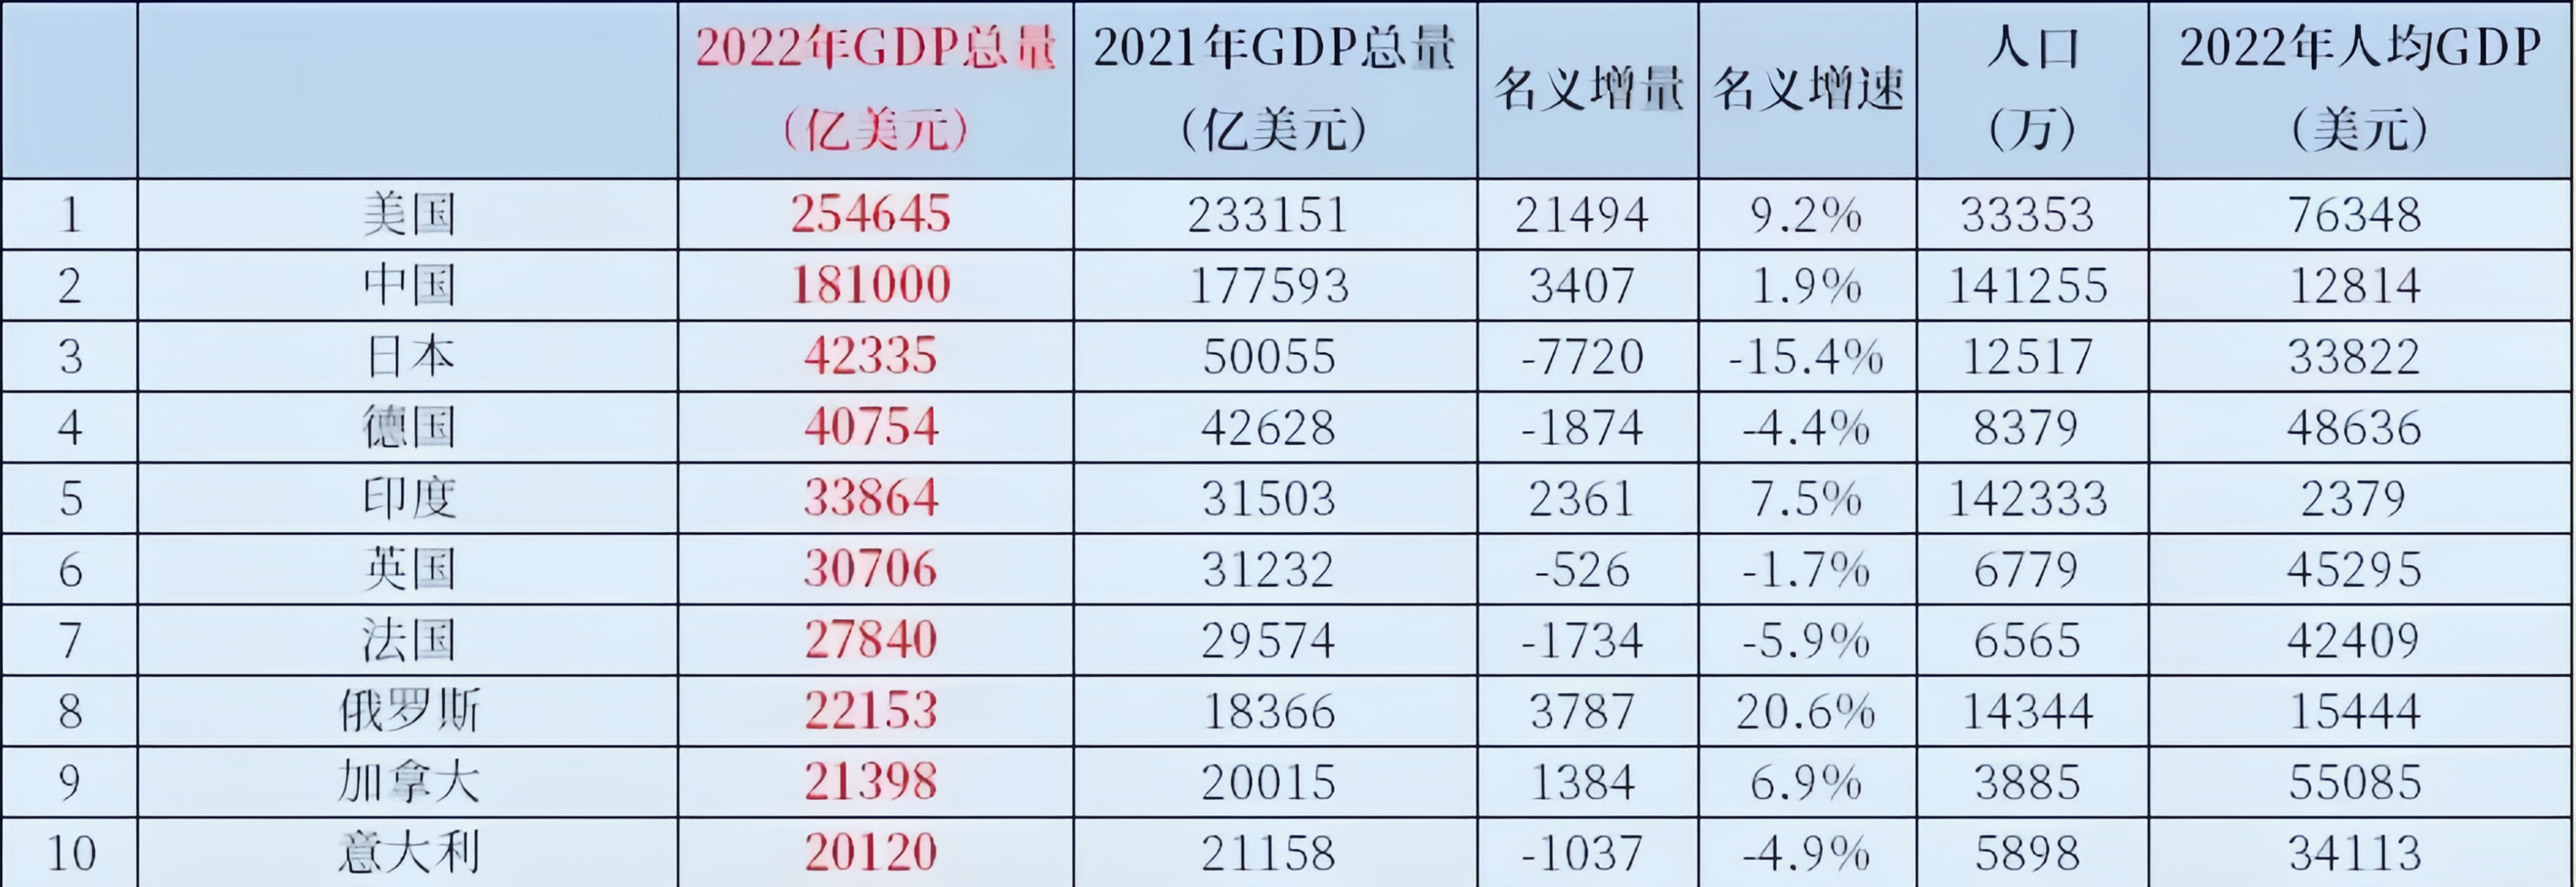 第二张图是今年第一季度gdp排名前十的国家,从数据上看,中美经济总量
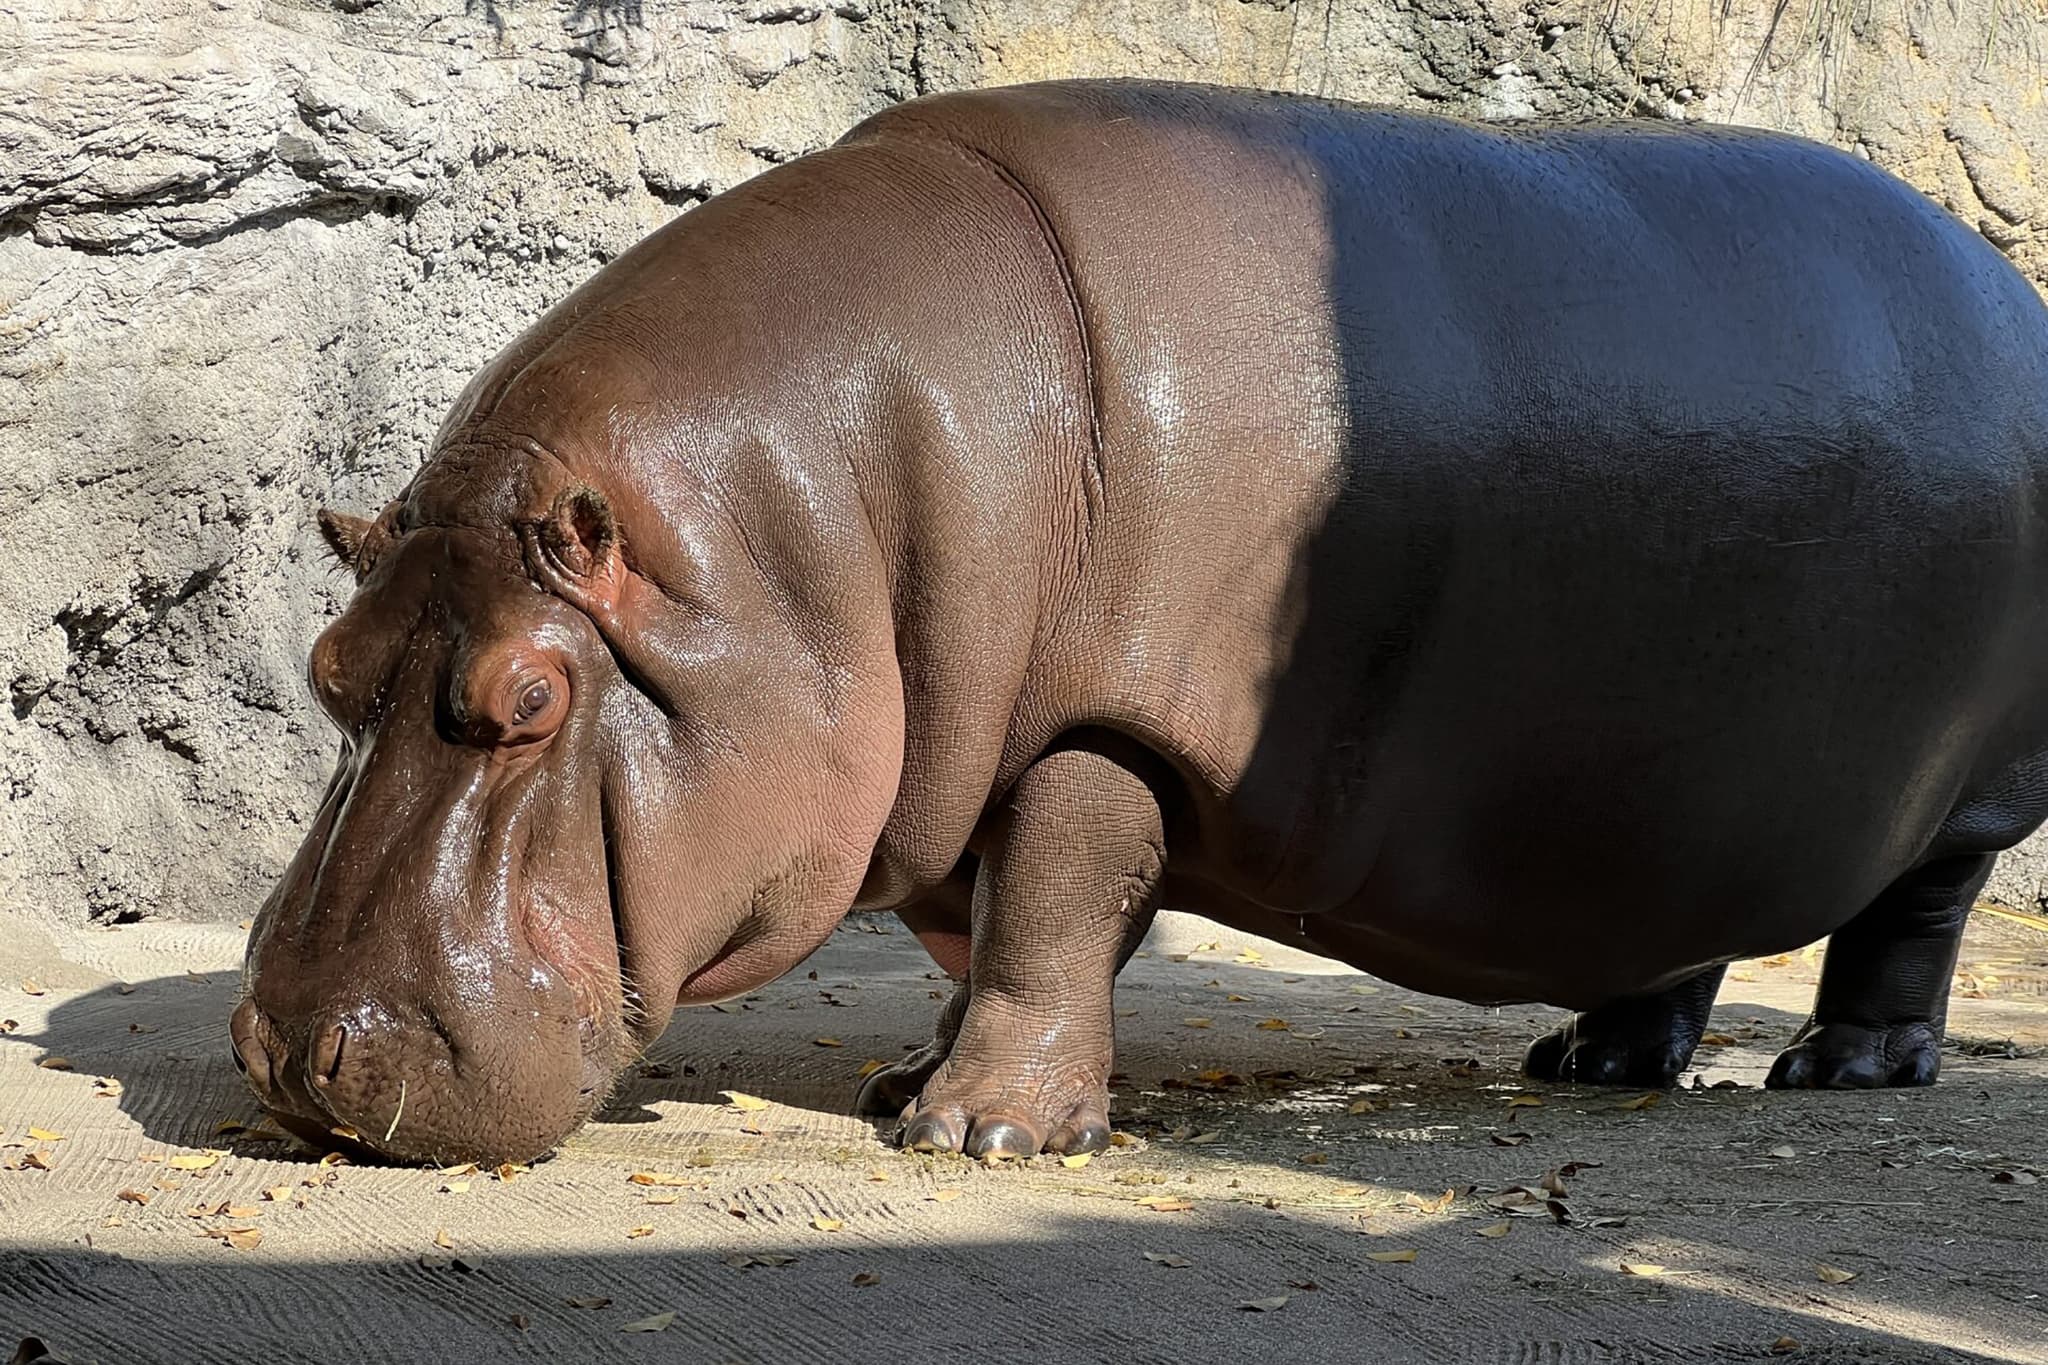 japon: dans un zoo, un hippopotame pris par erreur pour un mâle pendant des années
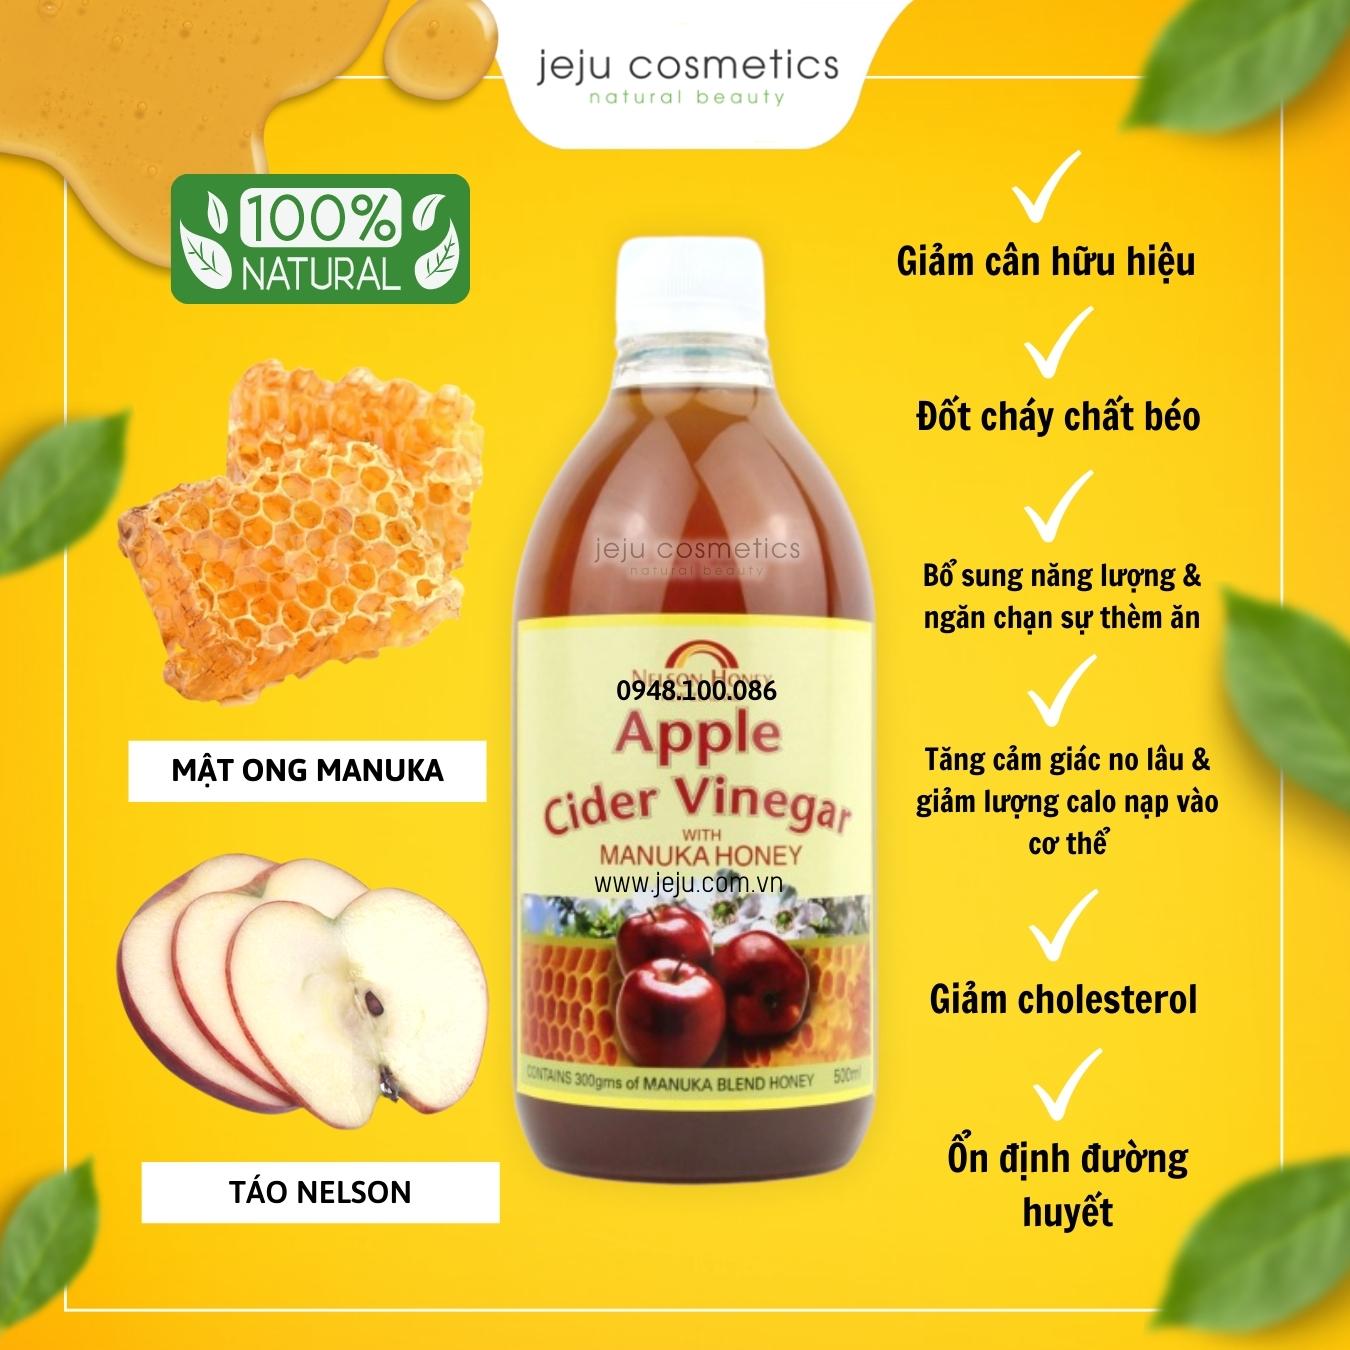 Nước Giấm táo với mật ong Manuka Nelson Táo Cider Vinegar with Manuka Honey Blend
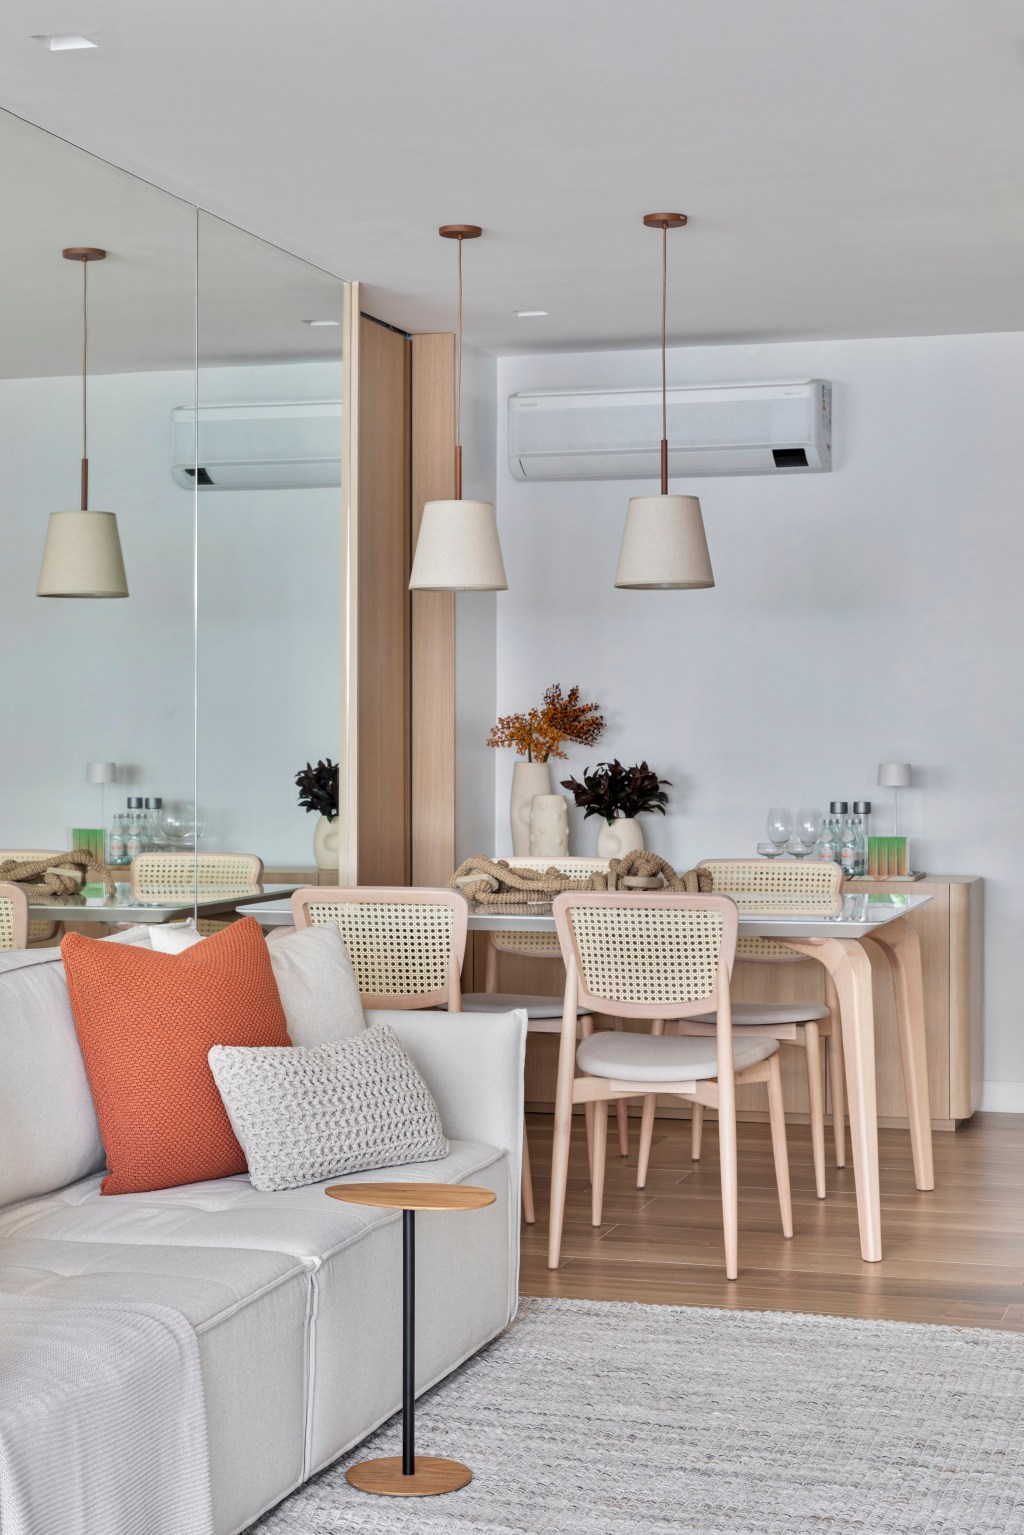 Apartamento de 70 m² parece maior com décor em tons neutros. Projeto de Fabiano Ravaglia. Na foto, sala de jantar com parede espelhada.
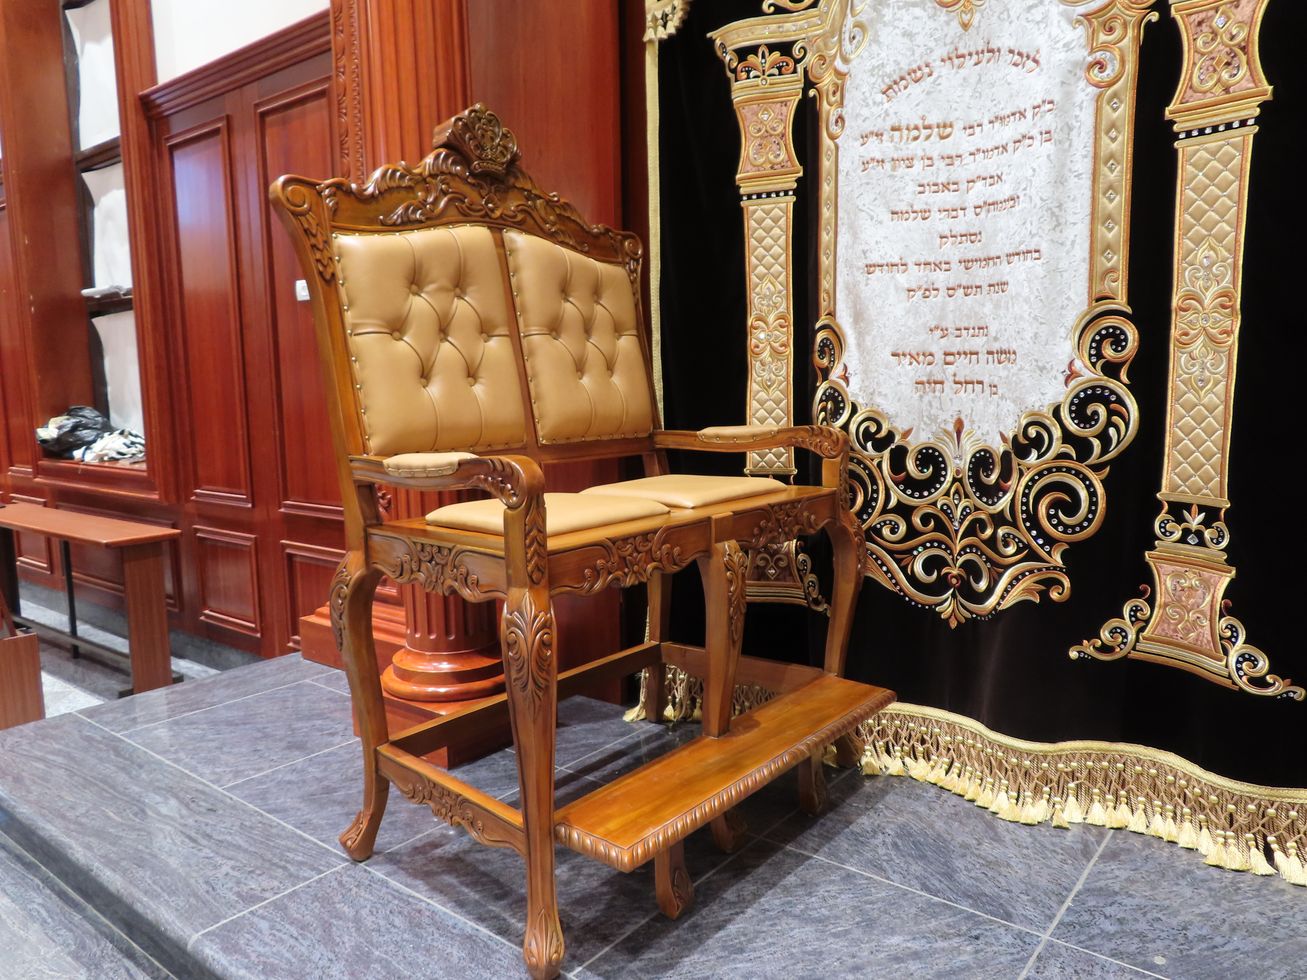 כיסא אליהו כפול בית כנסת נחלת יעקב ירושלים
____________
▶ PROBLEM DESCRIPTION:
Extract, word for word, every line from the one holding "japon: dans un" through the closing line of the data above. Do not include any pictures.

▶ OUTPUT OF THE TASK:
 japon: dans un zoo, un hippopotame pris par erreur pour un mâle pendant des années
 Nước Giấm táo với mật ong Manuka Nelson Táo Cider Vinegar with Manuka Honey Blend
 Apartamento de 70 m² parece maior com décor em tons neutros. Projeto de Fabiano Ravaglia. Na foto, sala de jantar com parede espelhada.
 כיסא אליהו כפול בית כנסת נחלת יעקב ירושלים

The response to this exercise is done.